THON Through the Years

Photo posted by @pennstatethon

In 2018, it’s hard to imagine Penn State without THON. But the event that we now know and love had to start somewhere, and over the years its gone through some huge changes. VALLEY took a look at how the largest student-run philanthropy in the world got its start.


The first THON happened in 1973 after the idea of IFC president Bill Lear, who expected it to raise around 20 dollars. Held in the HUB ballroom, it was a competition among 39 partners to stay dancing for the longest time. Officials manned the floor to make sure that the dancers were actively dancing, and competitors lost points for taking bathroom breaks. After 30 hours, over 2,000 dollars had been raised—far exceeding anyone’s expectations and proving that THON was here to stay.


Four years later, THON adapted Four Diamonds as its beneficiary and never looked back.
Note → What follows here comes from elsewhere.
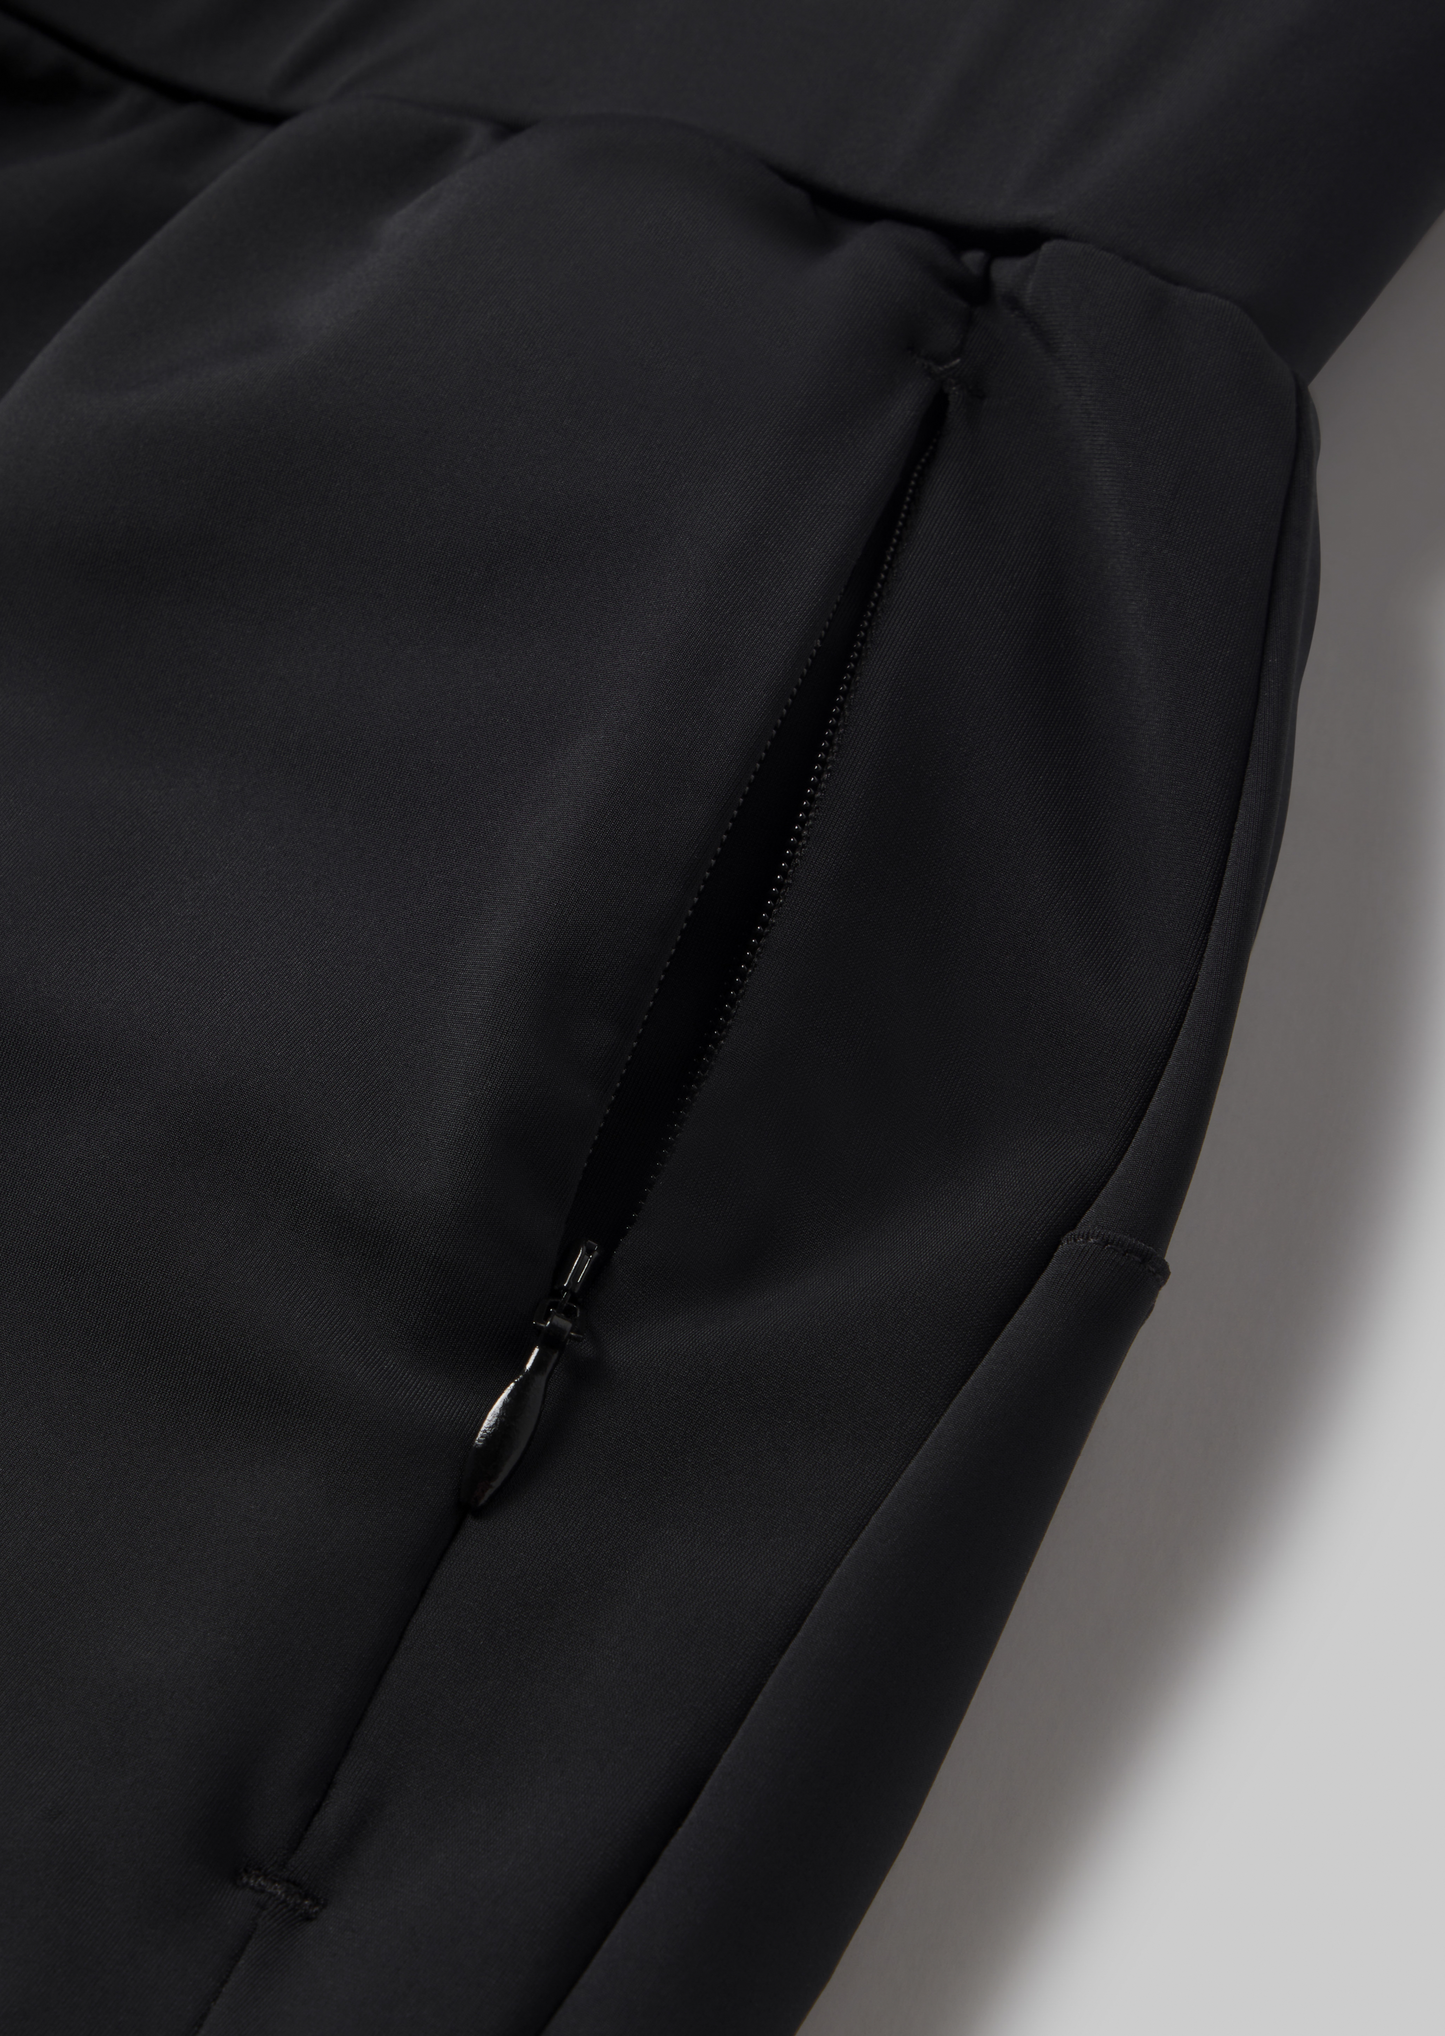 Tokyo Jogger - closeup of front zipper pocket

By 1979, increased interest in the event pushed it to be held in the White Building. The year also marked the shift from a competition to all dancers standing together for the whole event.


In 1984, according to, “Penn State Dance Marathon was noted for being the largest philanthropy of its kind.” This distinction continues to stand today. Three years later, in 1987, the IFC Dance Marathon officially became known as THON.


A major turning point in THON’s history came in 1992 when it broke the million dollar mark for the first time. The total raised was $1,141,145.38, but after the crowd heard the words “one million,” their cheers thundered over the rest of the total being announced. In the years to follow, this staggering total became the norm.

The next few years would see the introduction of staples like the Family Carnival, THON 5K, and a live video of the event. 1999 took THON from the White Building to Rec Hall.


2007 marked the event’s 35th anniversary, which was celebrated with a big move to the BJC, which doubled Rec Hall’s capacity. As current Penn State students know, even the BJC’s capacity isn’t enough for highly anticipated events like the Pep Rally and Final Four.

Today, THON is a life-changing event for thousands of students, children, alumni and spectators. Despite all of the changes it’s gone through, its spirit remains unchanged. From 1973 to now, and from 2018 to 2118, THON is about Penn State coming together as a family to do something more important than most of us can even fathom. VALLEY can’t wait to see the great things ahead for THON.